_Given data_

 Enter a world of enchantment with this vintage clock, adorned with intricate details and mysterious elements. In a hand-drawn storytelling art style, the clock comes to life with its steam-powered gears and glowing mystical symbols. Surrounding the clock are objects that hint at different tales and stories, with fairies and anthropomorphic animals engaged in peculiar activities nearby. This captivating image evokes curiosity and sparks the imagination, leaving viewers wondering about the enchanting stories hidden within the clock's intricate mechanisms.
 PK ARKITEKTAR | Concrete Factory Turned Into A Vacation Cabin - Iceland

* * *

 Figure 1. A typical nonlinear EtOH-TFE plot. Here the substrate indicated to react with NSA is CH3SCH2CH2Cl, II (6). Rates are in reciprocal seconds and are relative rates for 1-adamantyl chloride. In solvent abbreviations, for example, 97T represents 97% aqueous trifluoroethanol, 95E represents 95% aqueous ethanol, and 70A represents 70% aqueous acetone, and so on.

==

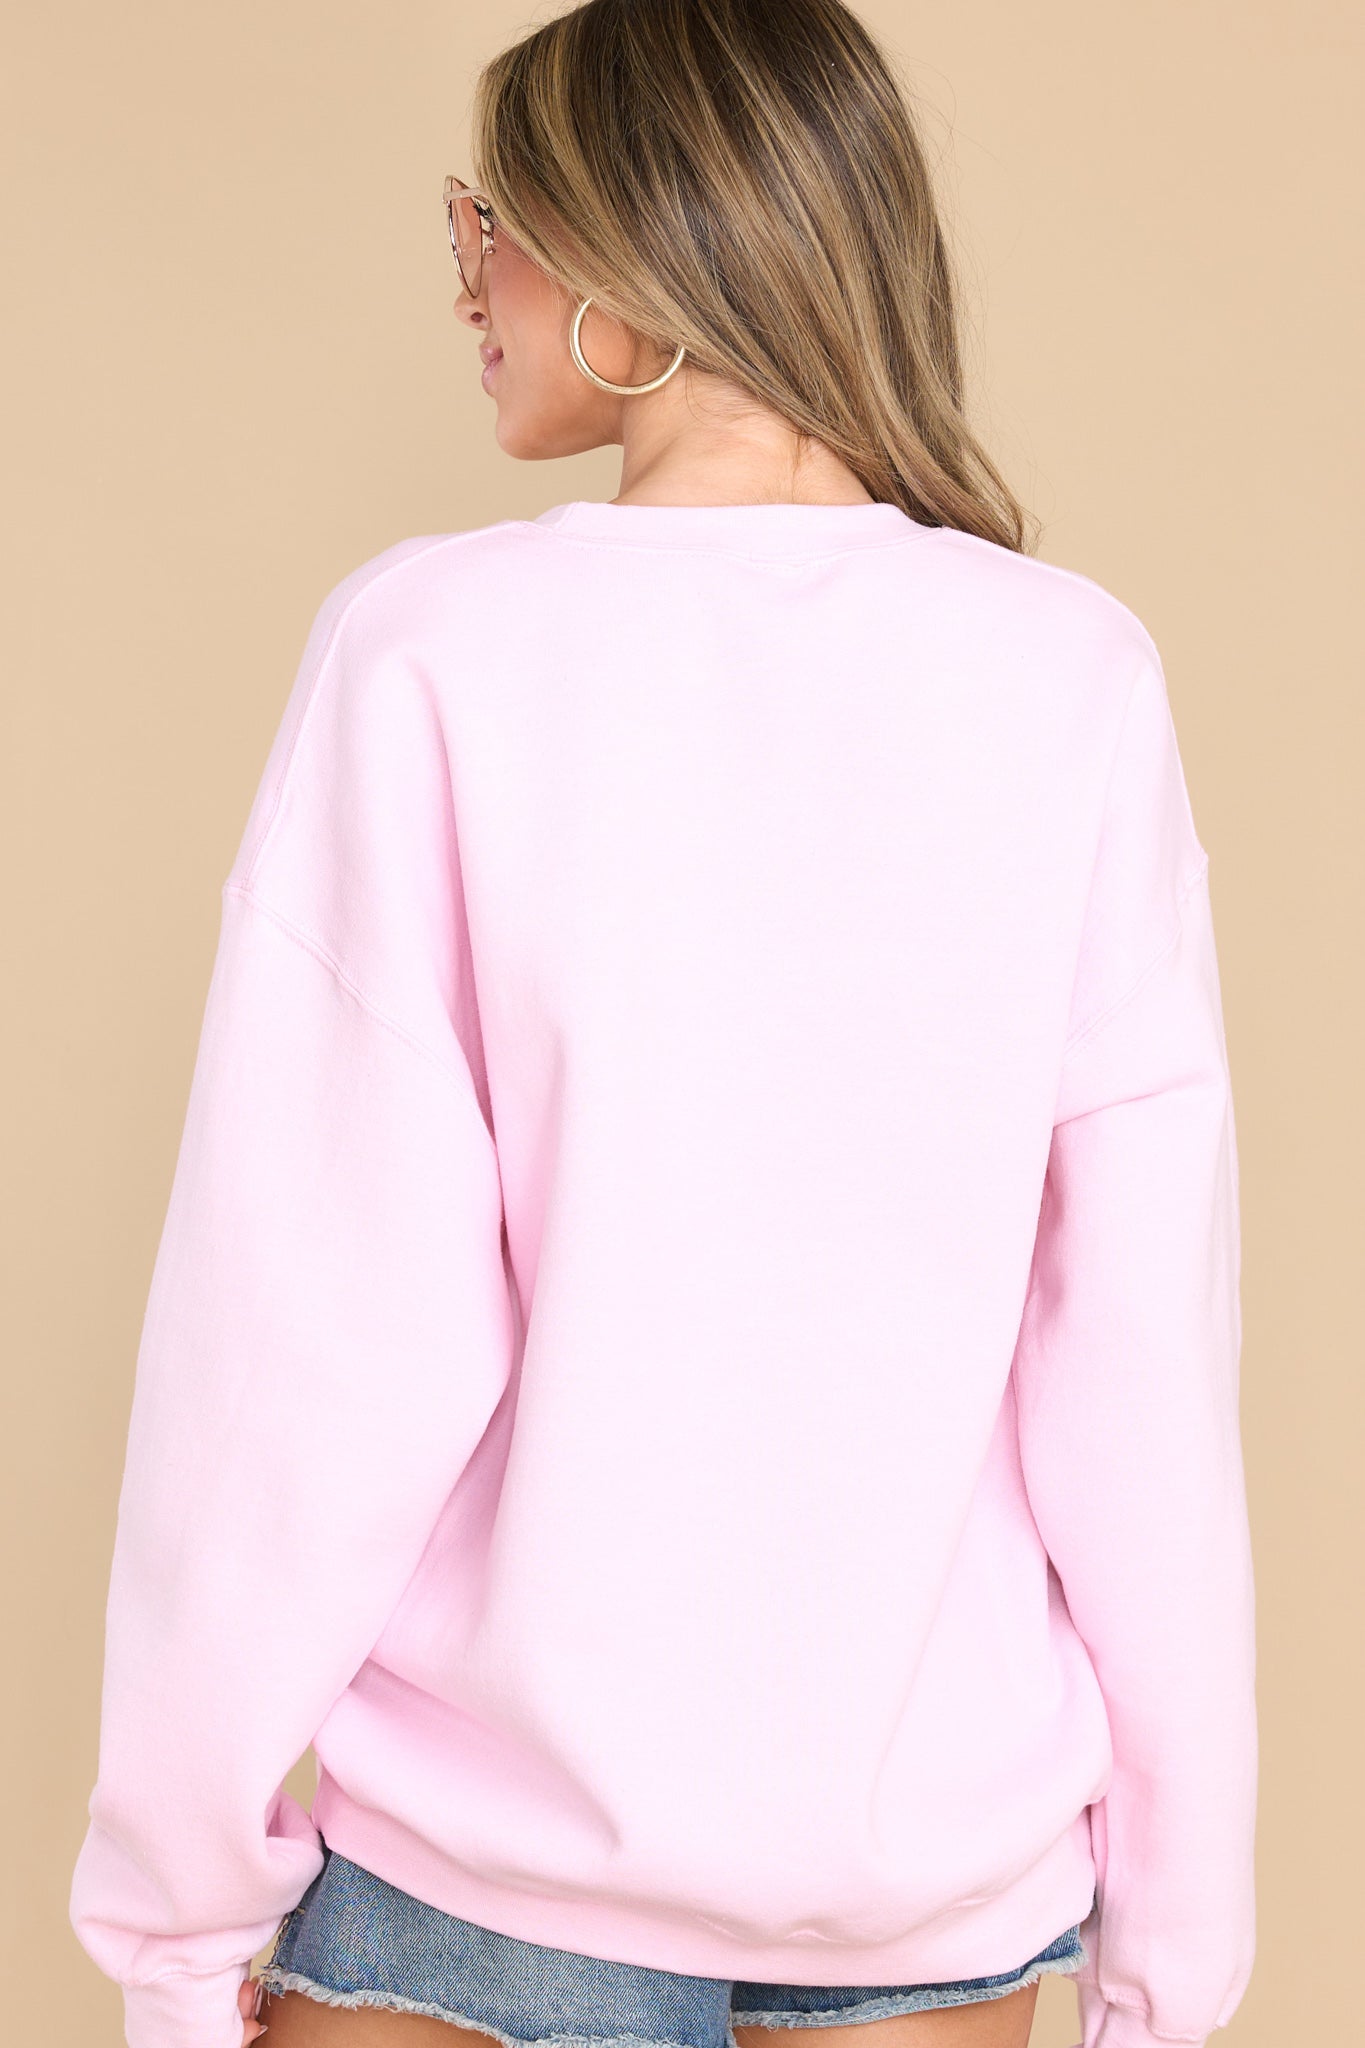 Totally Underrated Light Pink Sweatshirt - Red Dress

_What is expected_
Scan the lines above for "Enter a world" and for "PK ARKITEKTAR |". Repeat exactly the line holding each of them and every line in between.

_Your response_
 Enter a world of enchantment with this vintage clock, adorned with intricate details and mysterious elements. In a hand-drawn storytelling art style, the clock comes to life with its steam-powered gears and glowing mystical symbols. Surrounding the clock are objects that hint at different tales and stories, with fairies and anthropomorphic animals engaged in peculiar activities nearby. This captivating image evokes curiosity and sparks the imagination, leaving viewers wondering about the enchanting stories hidden within the clock's intricate mechanisms.
 PK ARKITEKTAR | Concrete Factory Turned Into A Vacation Cabin - Iceland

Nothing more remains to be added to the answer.